For the reaction \(\mathrm{CH}_{4}(g)+2 \mathrm{H}_{2} \mathrm{~S}(g) \rightleftarrows \mathrm{CS}_{2}(g)+4 \mathrm{H}_{2}(g)\) \(K_{\text {eq }}=3.59\) at \(900^{\circ} \mathrm{C}\). After the reaction has run for 10 min at \(900^{\circ} \mathrm{C}\), the concentrations are \(\left[\mathrm{CH}_{4}\right]=\) \(1.15 \mathrm{M} ;\left[\mathrm{H}_{2} \mathrm{~S}\right]=1.20 \mathrm{M} ;\left[\mathrm{CS}_{2}\right]=1.51 \mathrm{M} ;\left[\mathrm{H}_{2}\right]=\) \(1.08 \mathrm{M}\). Is this reaction at equilibrium?

Understanding the equilibrium constant (K) is crucial in the study of chemical reactions that can occur in both forward and reverse directions. This constant is a measure of the relative concentrations of products to reactants at equilibrium for a given reaction at a constant temperature.

The general expression for the equilibrium constant is given by:
\[\begin{equation}K = \frac{[products]}{[reactants]}\end{equation}\]
For a reaction, such as \[\begin{equation}aA + bB \rightleftarrows cC + dD\end{equation}\]
, the equilibrium constant expression would be:
\[\begin{equation}K = \frac{[C]^c[D]^d}{[A]^a[B]^b}\end{equation}\]
where the concentrations are raised to the power of their respective coefficients in the balanced equation.

It is also important to note that the equilibrium constant is dimensionless and its value is specific to a particular temperature; changing the temperature will change the value of K. A high K value indicates a greater concentration of products at equilibrium, while a low K implies a greater concentration of reactants.

In the context of our exercise, the given equilibrium constant (\[\begin{equation}K_{eq}=3.59\end{equation}\]) at 900°C, dictates the ratio of the concentration of products to reactants when the reaction system is at equilibrium.

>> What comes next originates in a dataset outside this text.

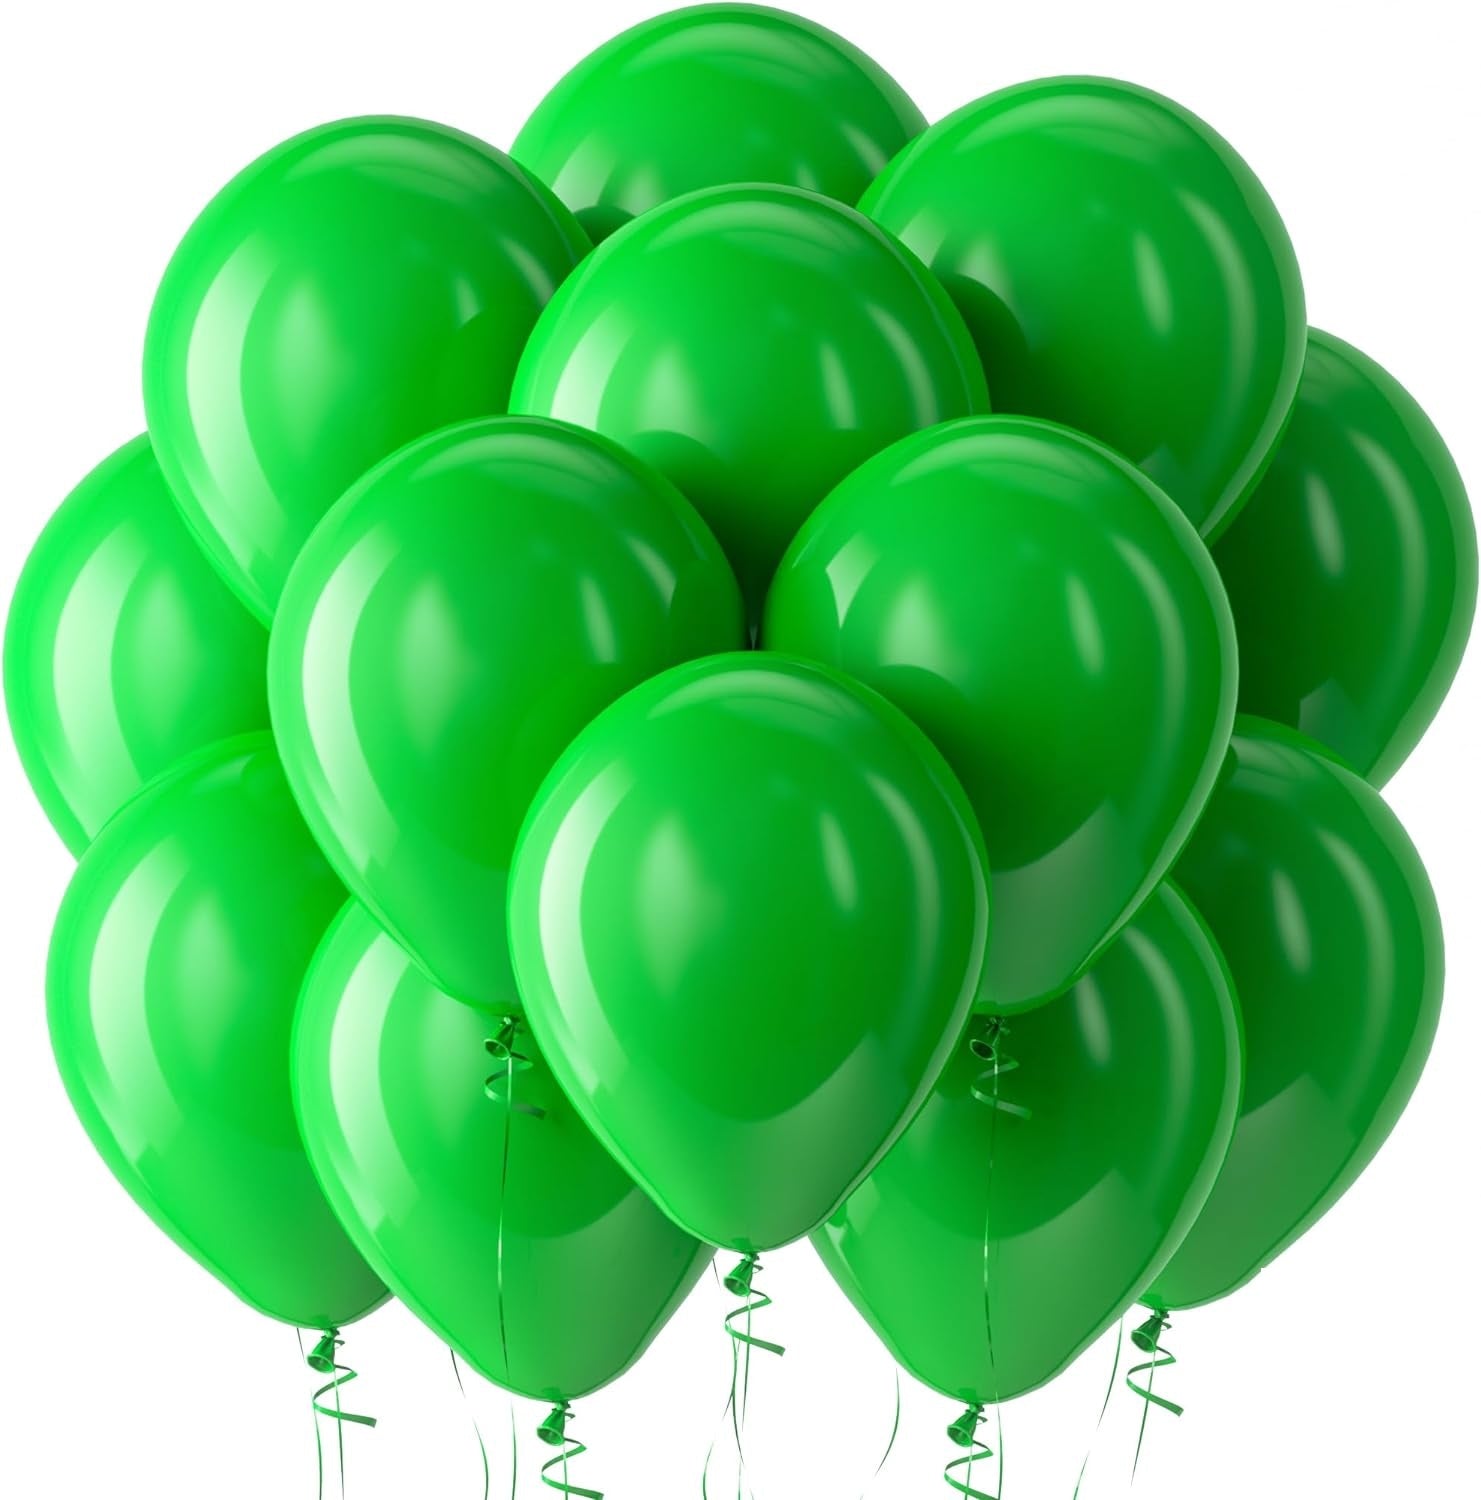 12 Inch Metalic Balloons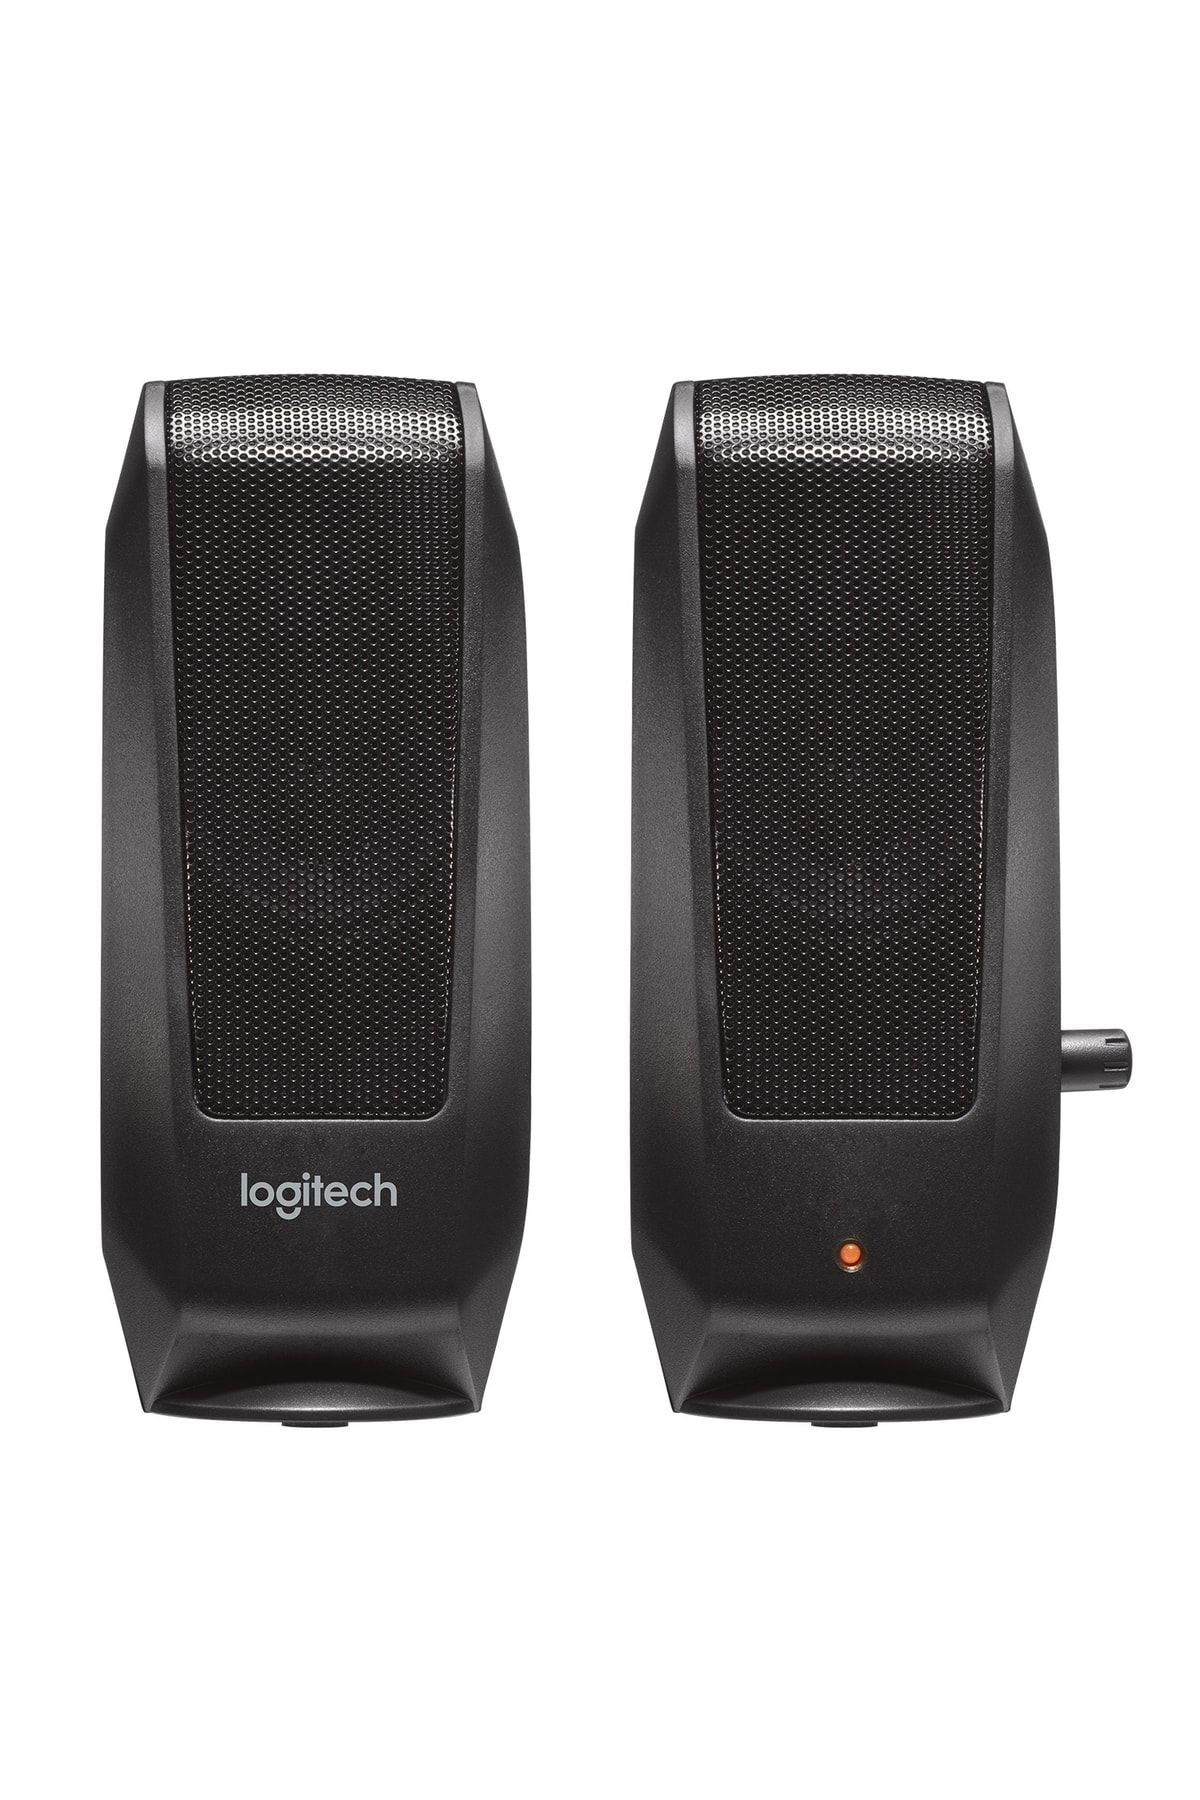 logitech S120 2.0 Stereo Hoparlör - Siyah

The reaction quotient (Q) is a measure that tells us the direction in which a reaction mixture will proceed to reach equilibrium. It uses the same formula as the equilibrium constant but with the current or initial concentrations of the reactants and products, instead of those at equilibrium.

The calculation for Q allows us to compare its value with the equilibrium constant (K) to predict the shift in the reaction:

• If \[\begin{equation}Q < K\end{equation}\], the forward reaction is favored, and the system will proceed towards products to reach equilibrium.
• If \[\begin{equation}Q > K\end{equation}\], the reverse reaction is favored, and the system will proceed towards reactants.
• If \[\begin{equation}Q = K\end{equation}\], the system is already at equilibrium, and no net change will occur.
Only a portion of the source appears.